I have had the thought for these rolling around in my mind for a few weeks. 3 fails, to 1 success. Finally after different variations, this is my final play on these strawberry milkshake cupcakes. They offer the same silky malty flavor of a milkshake, but in a cupcake form. A sweet strawberry buttercream filling, and a simple whipped cream frosting makes for a scrumptious cupcake. 

Cupcake Batter 
1/2 cup room temp salted butter
1 3/4 cups sifted flour
1 cup granulated sugar
1 tsp baking powder
3/4 cup milk
3 eggs
1/3 plus 2 tbs strawberry Nesquik powder
1/2 tsp vanilla

 Cream the butter and sugar and eggs. Add the flour and baking powder alternately with the milk, starting with flour, and ending with flour. Add the strawberry powder and vanilla, and mix until the batter turns pink and is fully combined. Bake in cupcake liners for 12 to 15 minutes on 350. Let cool. 

Filling
1/2 cup room temp butter
1 1/2 cup powdered sugar
3 tbs heavy cream
1/3 cup strawberry Nesquik Powder  
1 tbs strawberry jello powder

 Whip all ingredients in a stand mixer until fluffy. It will be a brighter pink than the batter, due to the extra strawberry jello flavoring. After round one of not being strawberry enough, I added the jello flavoring as well. 
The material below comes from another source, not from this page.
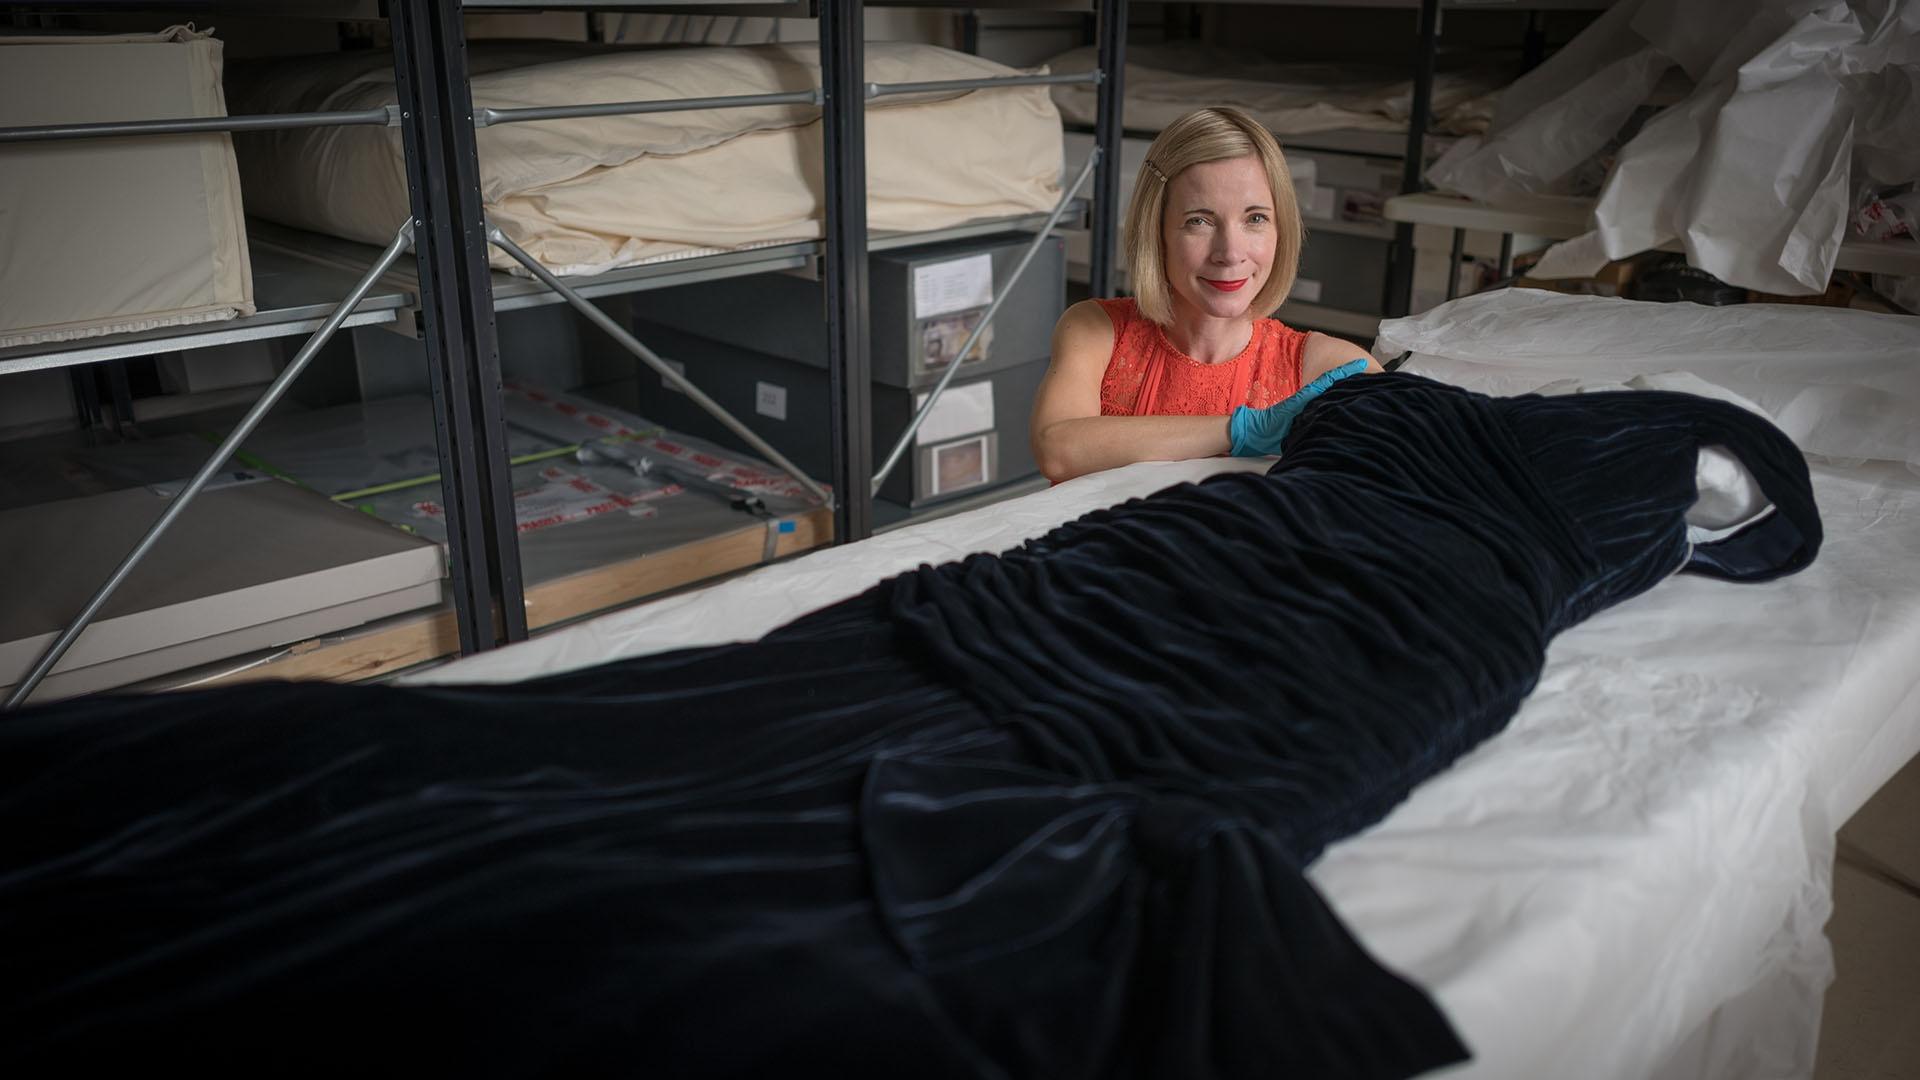 Lucy Worsley with the velvet dress worn by Princess Diana when she danced with John Travolta.

 When the cupcakes are cooled, they are ready to be filled. Pour the filling into a piping bag. I have a filler tip, it's long and pointed at the end, perfect for filling cupcakes. Stick the tip square into the middle of the cupcake and squeeze gently to fill the cupcake with the buttercream. Fill all the cupcakes with as much filling as they can stand, don't overfill, or the tops will crack. 

 Between the cupcake itself, and the sweet filling, a simple whipped cream works well with the cupcakes. Plus who doesn't like whip cream on there strawberry milkshake? If your not good at making homemade whip cream ( or don't have a best friend in the kitchen, aka kitchenaid stand mixer) a scoop of cool whip will suffice. But here is how I make my whip cream

1 cup heavy cream
1/3 cup powdered sugar
1/2 tsp vanilla

 Chill your mixer bowl and whisk attachment in the freezer for 20 min. Add all of the whopping 3 ingredients and put on low for 1 minute, then kick it up to high speed, and whip until thick. Yes friends, it is that easy, and so much better than that can stuff people dare to put on pumpkin pie, and ice cream sundaes around the world. 

 Now let's cut into one of these beauty's and possibly have it for lunch!